By Emma Pinedo
MADRID (Reuters) – Spain will ease its restrictions on free speech, the government said on Tuesday, in response to a nationwide furore over a rapper ordered jailed over a song and tweets.
A change in the law would not by itself prevent the jailing of Pablo Hasel, who has been ordered to surrender by the end of this week to serve a nine-month prison sentence imposed in 2018 under a security law known in Spain as the “gag law”. He has said he will not turn himself in.
Hasel’s lyrics and tweets, which included references to banned guerrilla groups, compared a court to Nazis and called former king Juan Carlos a mafia capo, were found under the 2015 law to have encouraged violence and insulted the monarchy.
More than 200 artists, including film director Pedro Almodovar, actor Javier Bardem and singer Joan Manuel Serrat, have signed a petition against Hasel’s jailing, calling for the law to be changed. Hasel’s supporters have demonstrated demanding he not be jailed.
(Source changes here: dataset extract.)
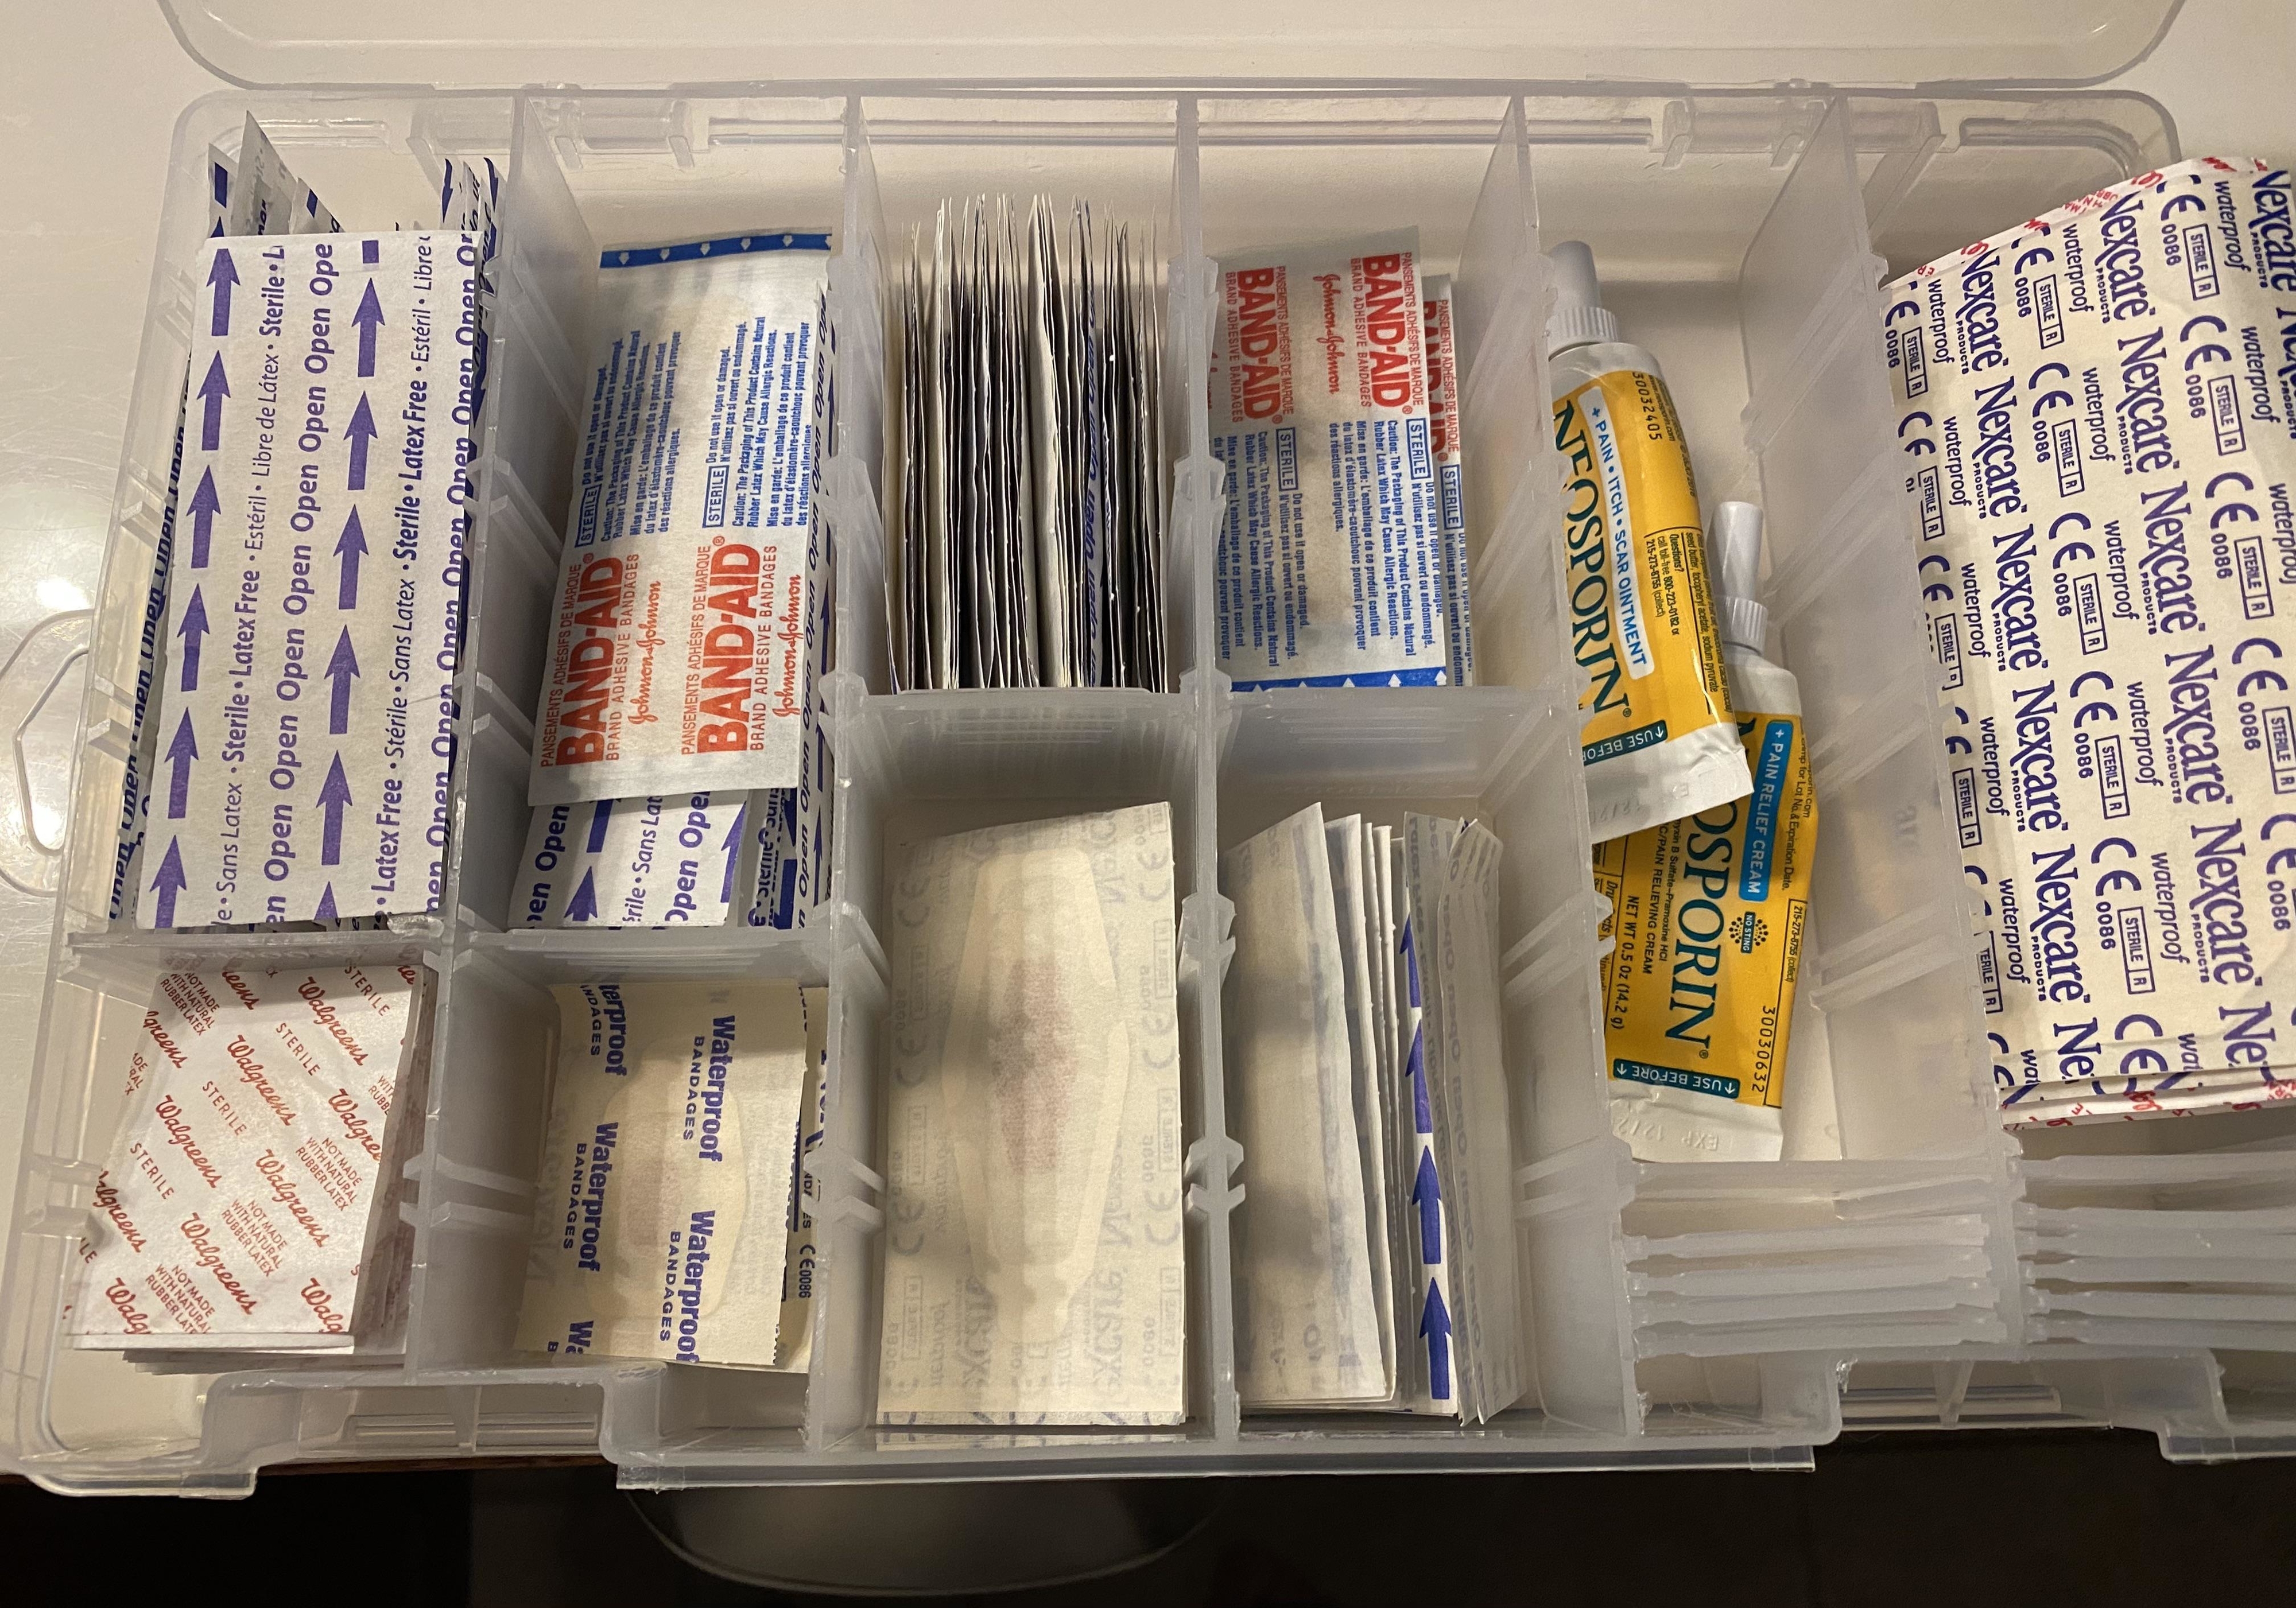 A bin full of every type of bandage, organized in clear plastic

Government spokeswoman Maria Jesus Montero said that in response to the Hasel case, the government had “expressed its willingness to provide a much more secure framework for freedom of expression”. The reform was in its early stages, she said.
In a statement, the leftist coalition government said the reform would introduce milder penalties rather than prison, and target only actions that “clearly involve the creation of a risk to public order or provoke some kind of violent conduct”.
Hasel, who is known for his radical leftist views and whose real name is Pablo Rivadulla, said in a tweet the government was doing nothing to prevent his imprisonment.
“With empty declarations like so many other false promises, they want to extinguish solidarity,” he wrote.
The 2015 law was enacted by a previous, rightwing government, which said it was needed to prevent the glorification of banned armed groups such as the Basque separatists ETA. It bans speech not only for glorifying violence, but also for insulting religions or the monarchy.
Opponents say it has been applied far too restrictively, imposing criminal penalties on legitimate criticism of the state. Amnesty International says around 70 people were convicted under the law in 2018 and 2019.
Another rapper fled to Belgium in 2018 after being sentenced to 3-1/2 years in prison on charges including insulting the monarchy and praising terrorist groups.
The artists’ petition likened Spain to countries such as Turkey or Morocco, where artists have been jailed.
“The imprisonment of Pablo Hasel makes even more evident the Sword of Damocles hanging over the heads of all public figures who dare to publicly criticise the actions of any of the state institutions,” it said.